Entonces mi mente formula una duda que me agobia de pronto. Aparto a mi madre de la conversación, dejando a Andrew, quien no tiene la más mínima idea del negocio, a cargo.
—Mamá, ¿Luis tiene acciones en la empresa también?
—No, ¿por qué las tendría?
— ¿Porque es tu esposo?
—Nunca nos casamos, no ante la ley, y aunque así hubiese sido, jamás le daría acciones. He sido una idiota hija, sí lo sé pero, ¿cómo iba a regalarle a Luis el fruto del trabajo de tu padre?
—Me alegro. Por un momento me preocupé. Luis habría dejado este sitio en banca rota, espero que lo sepas.
—Lo sé. Fuera de nosotros, solo Andrés tenía acciones, pues ayudó a construir este sitio, acciones que hoy están en manos de sus hijos.
—No creo que a ninguno de los dos le interese formar parte de la compañía.
—Tampoco a Will, a ti mucho menos, pero son suyas.
Dos horas después de hablar con desconocidos y beberme varios vasitos de coctel, le pido a mi madre las llaves de su despacho y subo. Andrew se ha quedado abajo, burlándose del acento de un miembro de la junta directiva con Will, vaya par. Abro la puerta, entro y me acomodo en el asiento giratorio de la presidenta. Despejo su escritorio, parecido al del tío Harold. Reposo la cabeza en uno de mis brazos, de modo que quedo mirando la ciudad a través de las grandes ventanas. Me fascina este sitio desde pequeña, solo no me gusta el cambio de muebles. Antes había un sofá azul en el cual solía pasar horas dibujando con mis hermanos, mientras mi padre, cuyo escritorio estaba justo al lado de este, negociaba con media Europa. Tras su muerte, mamá mandó llevárselo. Supongo que observarlo le angustiaba. El mueble fue trasladado al despacho de papá en casa, ubicado debajo de la caja fuerte. Me levanto, voy hacia la ventana algo mareada. No lo entiendo, los cocteles apenas tenían alcohol. Regreso al escritorio, cojo mis cosas y abro la puerta para volver a la fiesta, es entonces que suena el teléfono. ¿Quién llamará a estas horas?

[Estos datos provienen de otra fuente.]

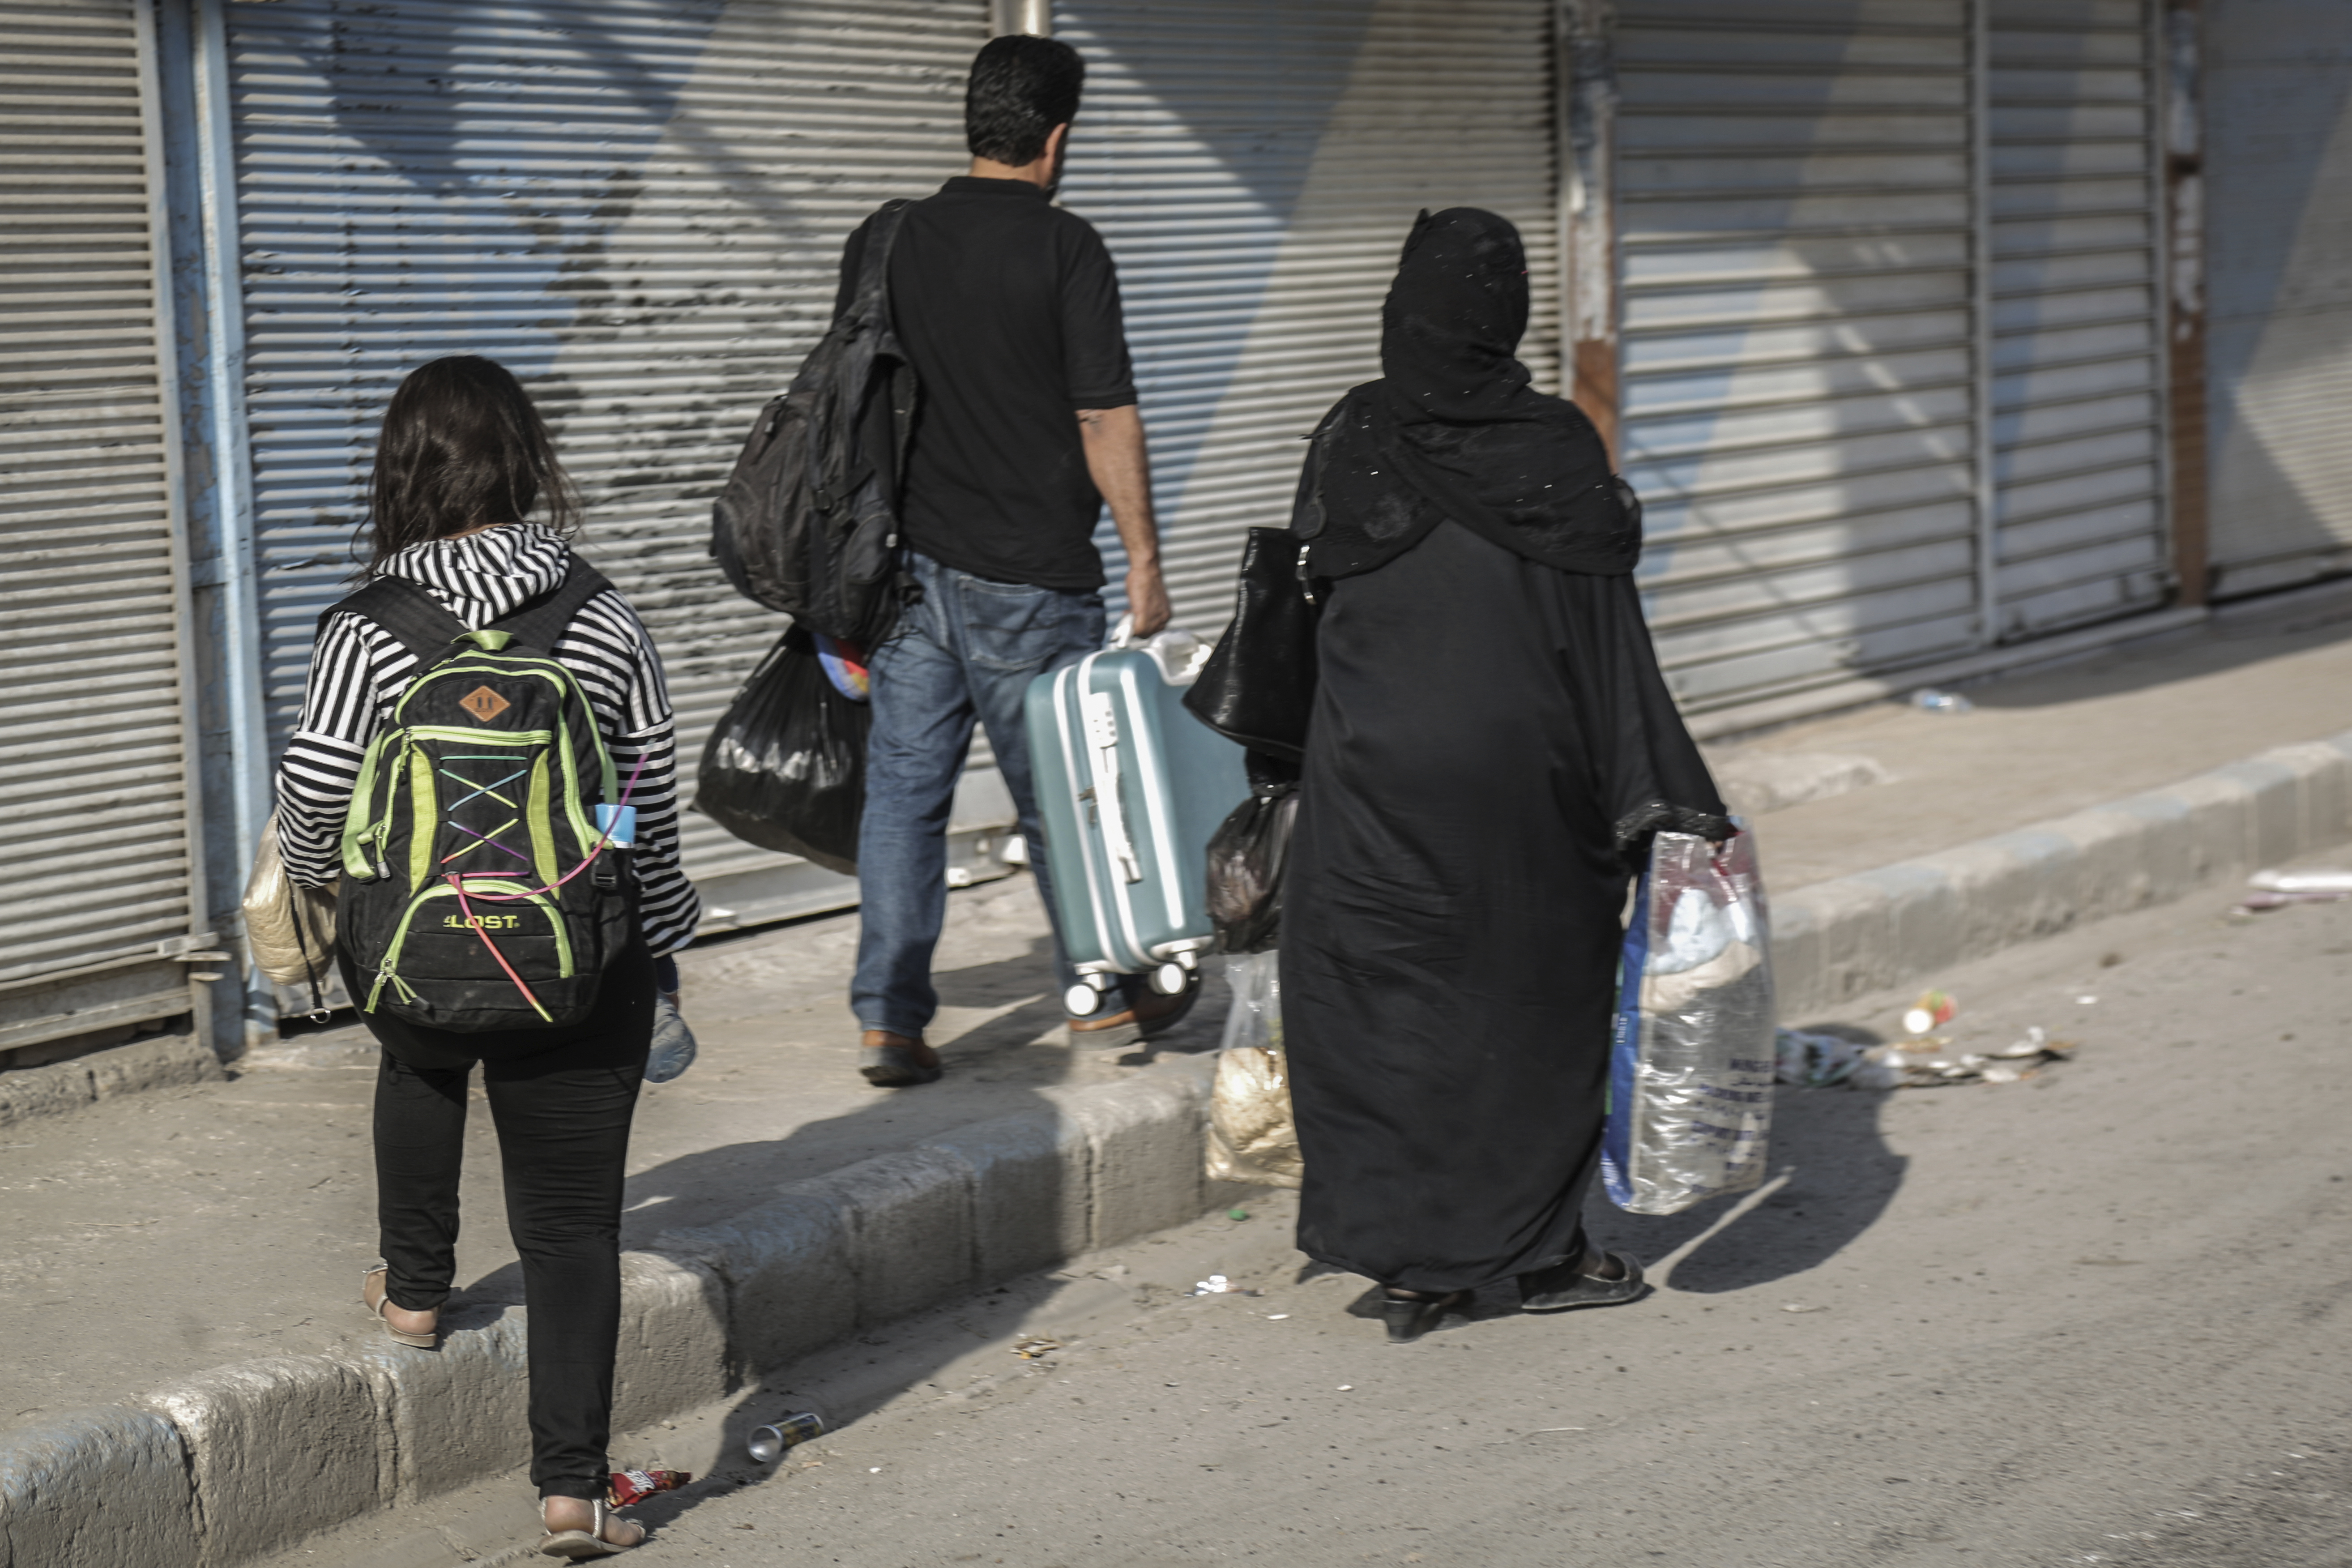 14 October 2019, Syria, Tell Abiad: Residents flee from the fighting. Photo by: Anas Alkharboutli/picture-alliance/dpa/AP Images

—Hola, hola —susurra una voz al otro lado de la línea—. Hélène, ¿es Hélène?
—Hola, ¿qué desea?
No responde a mi pregunta. Es una voz masculina, asustadiza, quebrada.

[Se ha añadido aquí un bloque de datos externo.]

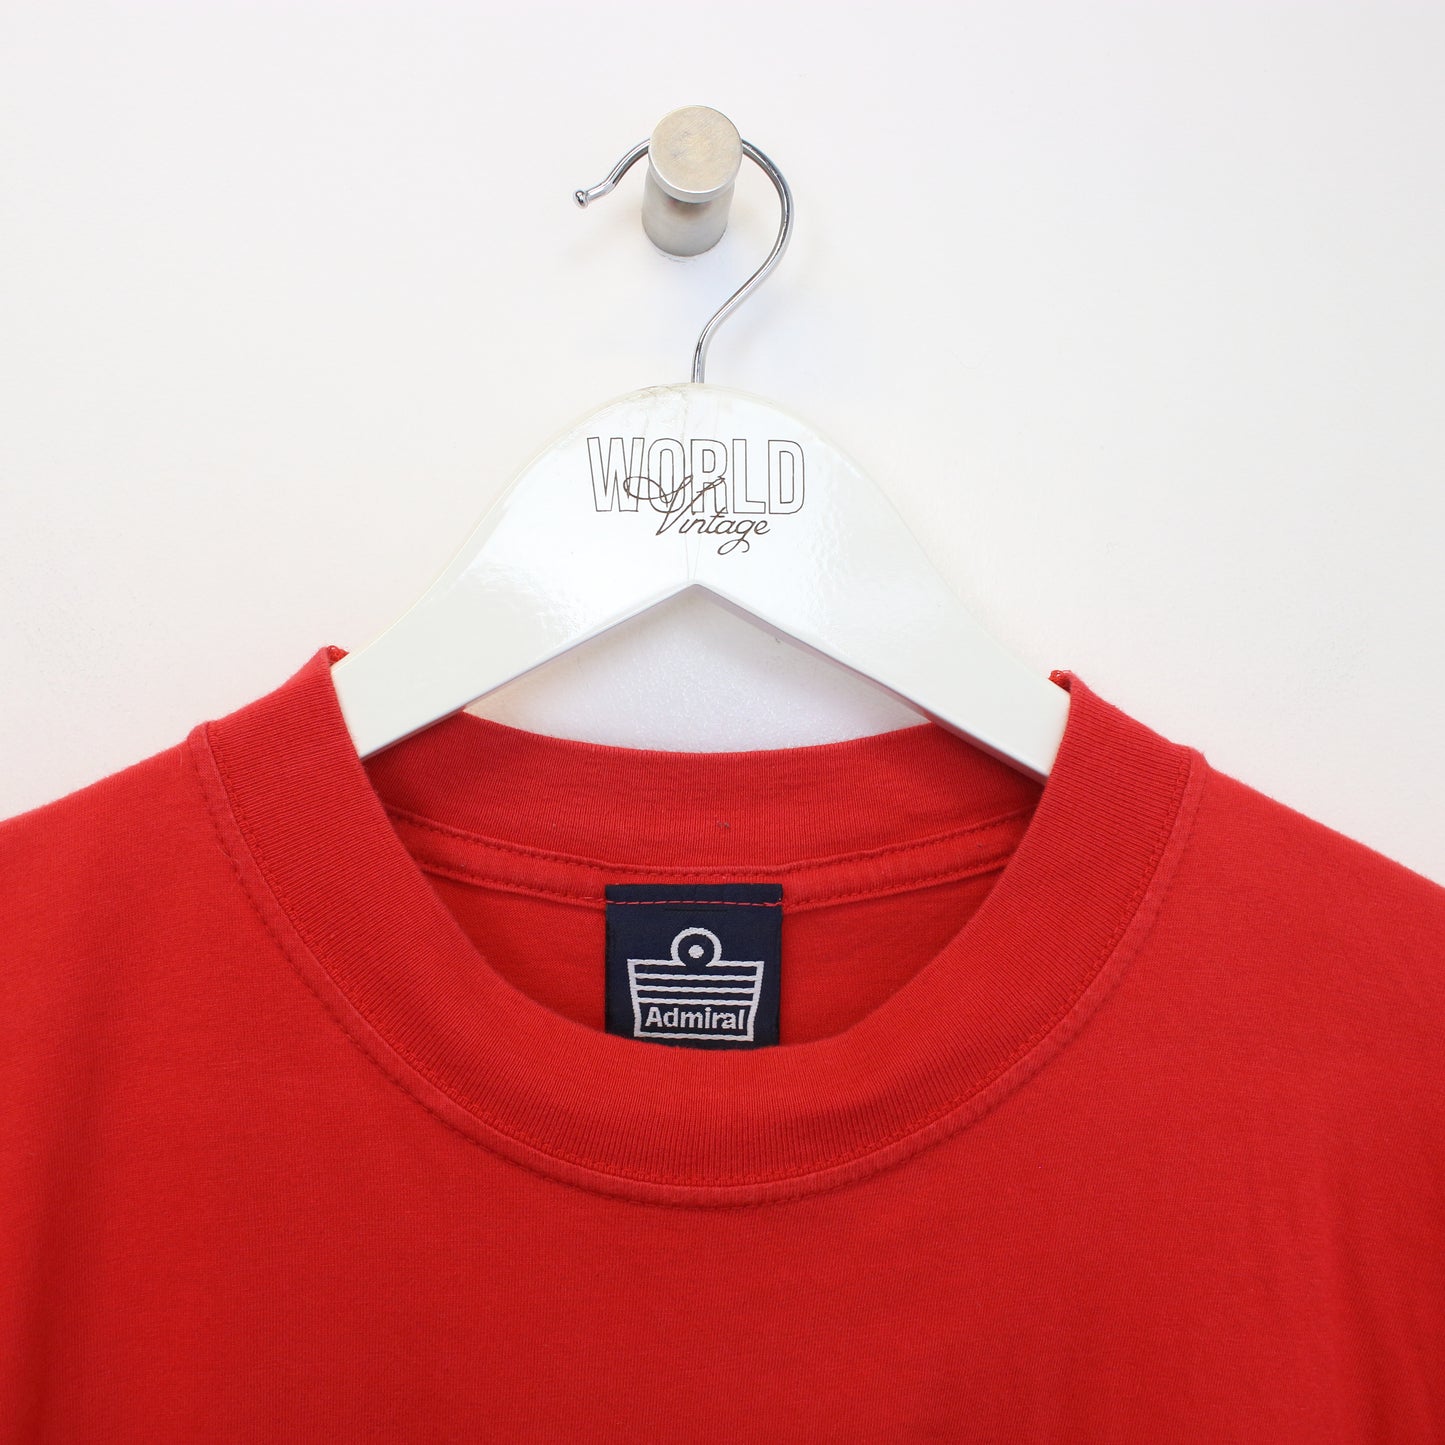 Vintage Admiral England t-shirt in red. Best fits L

— ¿Hélène, es Hélène? —repite.
—Lo siento, mi madre no se encuentra.
— ¿Hélène? —vuelve a decir, sea quien sea no está bien.

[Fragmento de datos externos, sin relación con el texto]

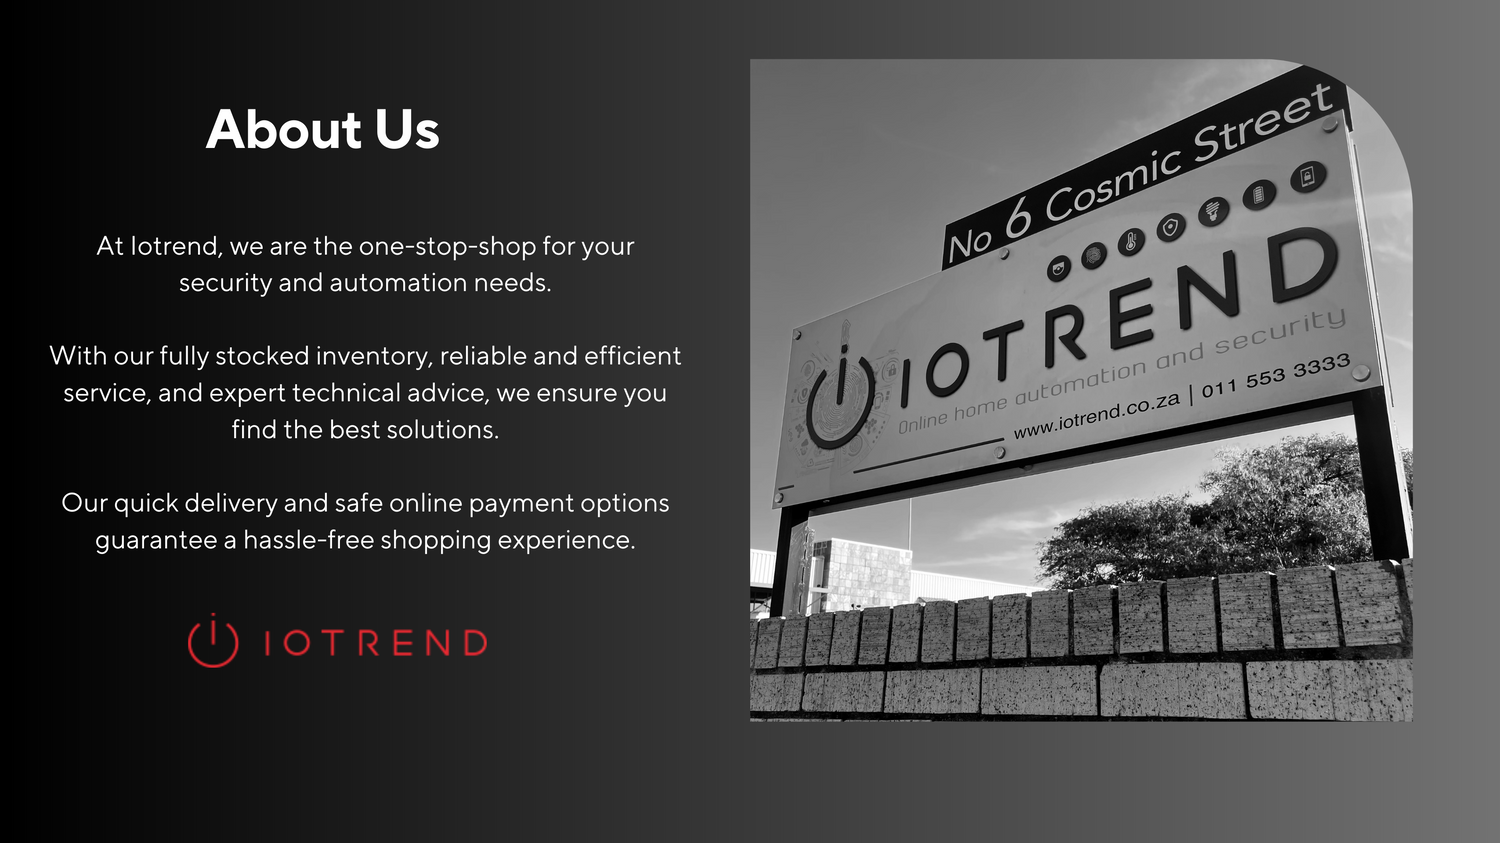 Iotrend, we are the one stop shop for your security and automation needs

—Sí, es Hélène, ¿qué desea?
Pobre hombre, he decidido mentir con tal de ayudarle. Suena desesperado, agitado, como si huyese de algo o de alguien. De repente se escucha una alarma, voces a lo lejos, pasos acercándose.
— Hélène, tienes que sacarme de aquí Hélène. Sácame de aquí, por favor —suplica.
— ¿Pero quién habla?
—Doctor, hemos encontrado al paciente en el piso cuatro —dice alguien—, le pondremos una dosis de olanzapina.
— ¡Déjenme! —grita el hombre con el que acabo de hablar— ¡Déjenme! ¡Hélène, sácame de aquí! ¡Soy Andrés, soy Andrés! ¡Déjenme! ¡Hélène!